Ricki Lake Plots Talk Comeback

In the 1990s, when daytime TV was awash with talk shows that paraded the hideous personal problems of seemingly average people, actress Ricki Lake (Hairspray, Mrs. Winterbourne) launched what turned out to be one of the genre’s longer-lived franchises. Ricki Lake ended just last year, after 11 years in syndication. But while Sally Jessy Raphael, Jenny Jones and others from that era seem to have tossed in the TV microphone for good, Lake is gearing up to get back in the game.

Negotiations are underway for the development of a new Lake project that could be on the air by next fall.
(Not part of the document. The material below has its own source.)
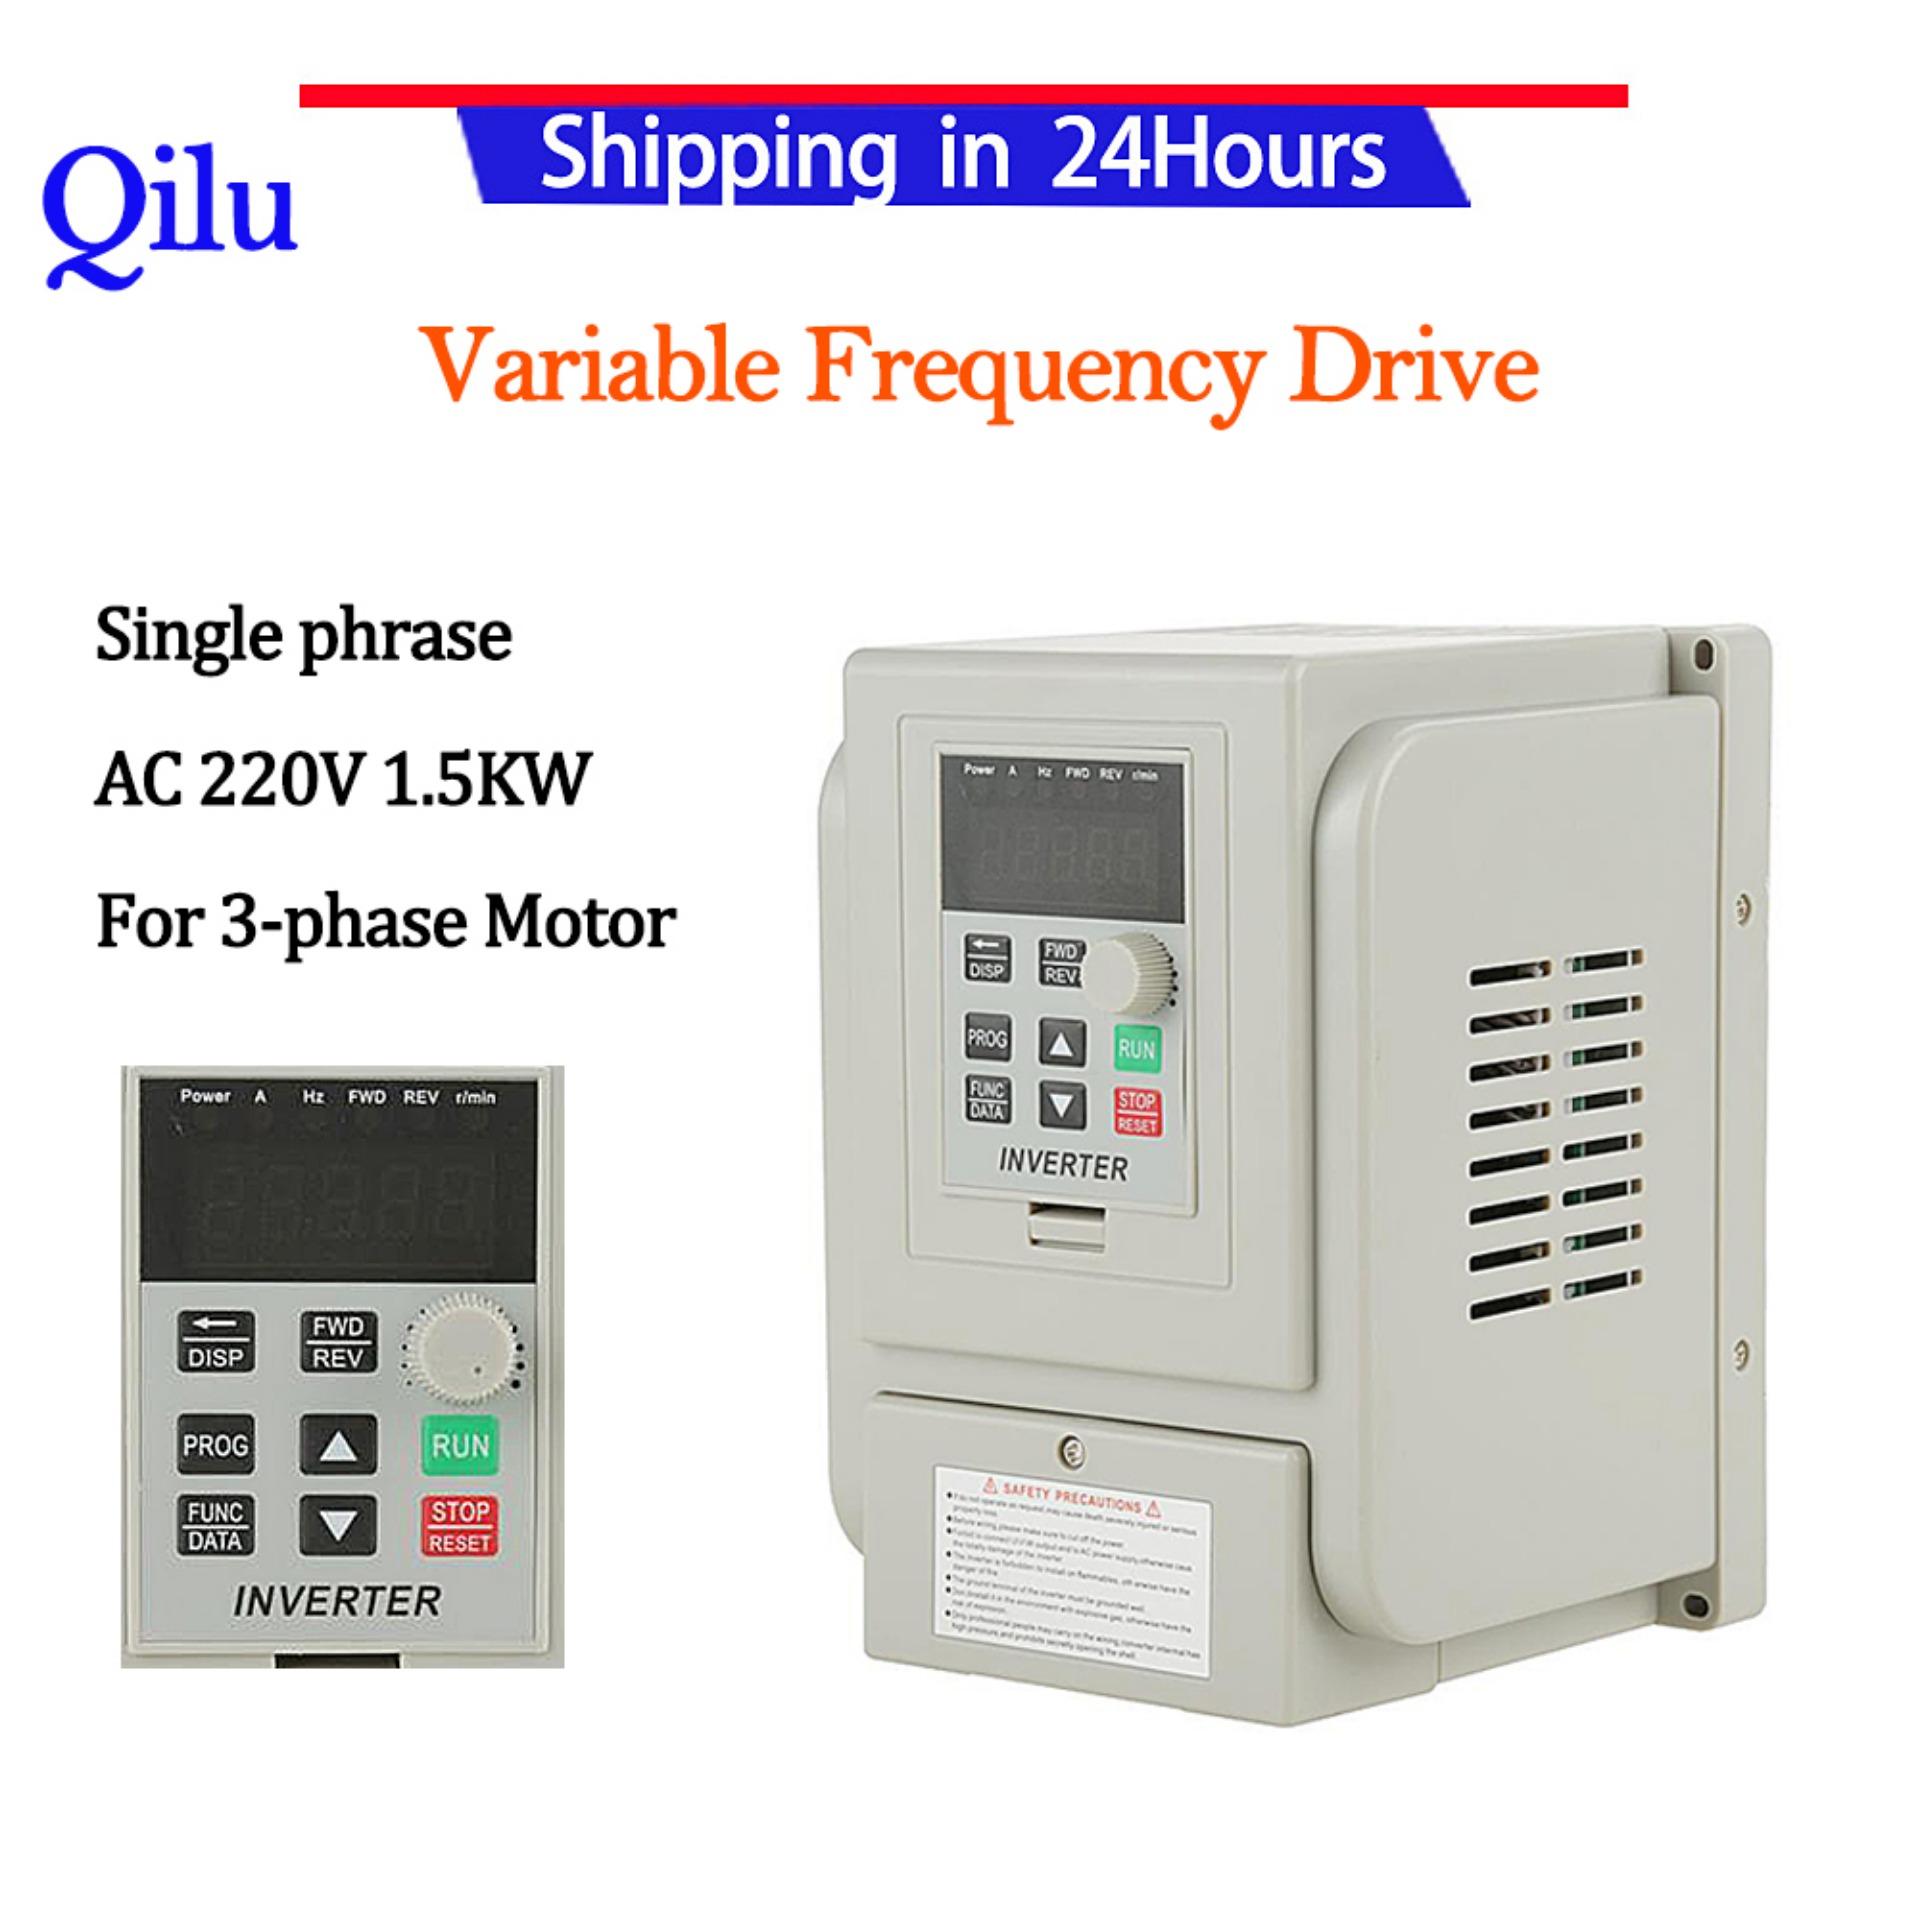 Variable Frequency Drive 1pc AC 220V 0.75kW Variable Frequency Drive VFD Speed Controller Inverter Single Phrase

ICM has been shopping the idea around Hollywood for the past few weeks, according to a source familiar with the project, and three studios have expressed interest in pursuing it.
But aspiring talk-show guests who’ve been depressed by contraction in the business shouldn’t dust off their tales of slutty man-stealing sisters and good-for-nothing thieving boyfriends just yet. The new Lake show, which was originally pitched with a format similar to ABC’s multi-voiced and more decorous The View, has since been recast as a solo effort—but one that would still be aimed at a female demo a bit older than the younger audience courted by Lake’s previous show. After all, when she launched Ricki Lake in 1993, the host was in her mid-20s. Now Lake’s a 37-year-old divorced, single mother. (And still acting: She recently completed work on an indie film, Park, directed by Kurt Voelker.)
Lake would have a significant ownership interest in the show, which complicates the deal-making process. But negotiations are moving ahead. “I would be very surprised,” says our source, “if there was not a coming-to-terms on this by the end of the month.”